Mike Novack wrote:The SAME neural net could instead have been taught to play chess or do anything else. The neural net program itself is knowledge neutral.
This is incorrect. The topology and other characteristics of the network is chosen for a particular problem. The dimensions of these networks were built specifically for the 19x19 dimensions of a go board and for the tri-state nature of the points. Furthermore, there must be *some* explicit knowledge built into the system as a whole - it is expected and OK that the network will suggest sub-optimal moves, but it cannot suggest illegal moves (e.g. it must know the ko rule).
In theory, you could wire in chess games in a really hacky way, but the network probably would work very poorly or not at all. It would be the electronic equivalent of traumatic brain injury.
Look, someday, if and when neural nets become greatly used, we will have HARDWARE to implement the cells, and so neural nets where the nodes are all doing their thing in parallel (instead of the process being simulated by a linear process). Could be orders of magnitude faster.
Such highly-parallel hardware exists and is already in most PCs - GPUs. And neural networks are already in broad use. They're the reason that speech recognition on your phone works quite well these days but was quite terrible 5 years ago.

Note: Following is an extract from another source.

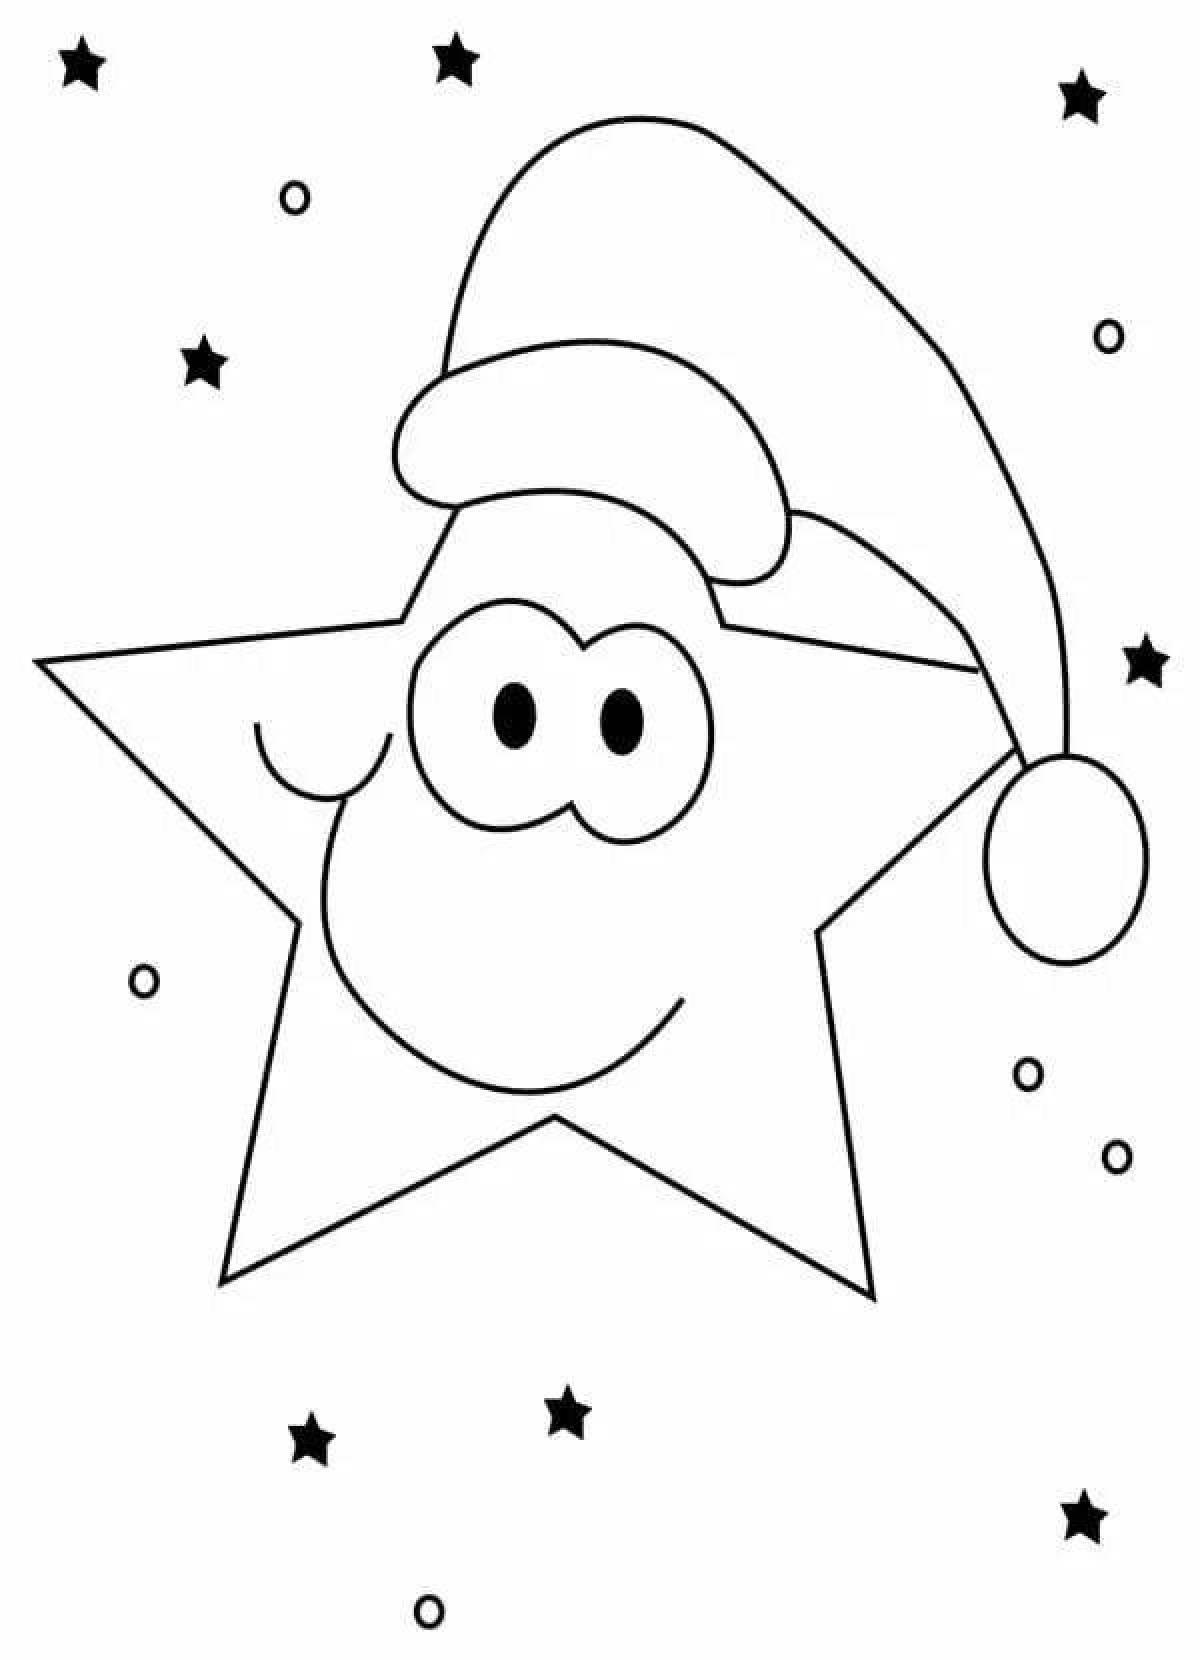 Coloring book sparkling Christmas star

Wikipedia wrote:Large-scale automatic speech recognition is the first and most convincing successful case of deep learning in the recent history, embraced by both industry and academia across the board. Between 2010 and 2014, the two major conferences on signal processing and speech recognition, IEEE-ICASSP and Interspeech, have seen a large increase in the numbers of accepted papers in their respective annual conference papers on the topic of deep learning for speech recognition. More importantly, all major commercial speech recognition systems (e.g., Microsoft Cortana, Xbox, Skype Translator, Google Now, Apple Siri, Baidu and iFlyTek voice search, and a range of Nuance speech products, etc.) are based on deep learning methods.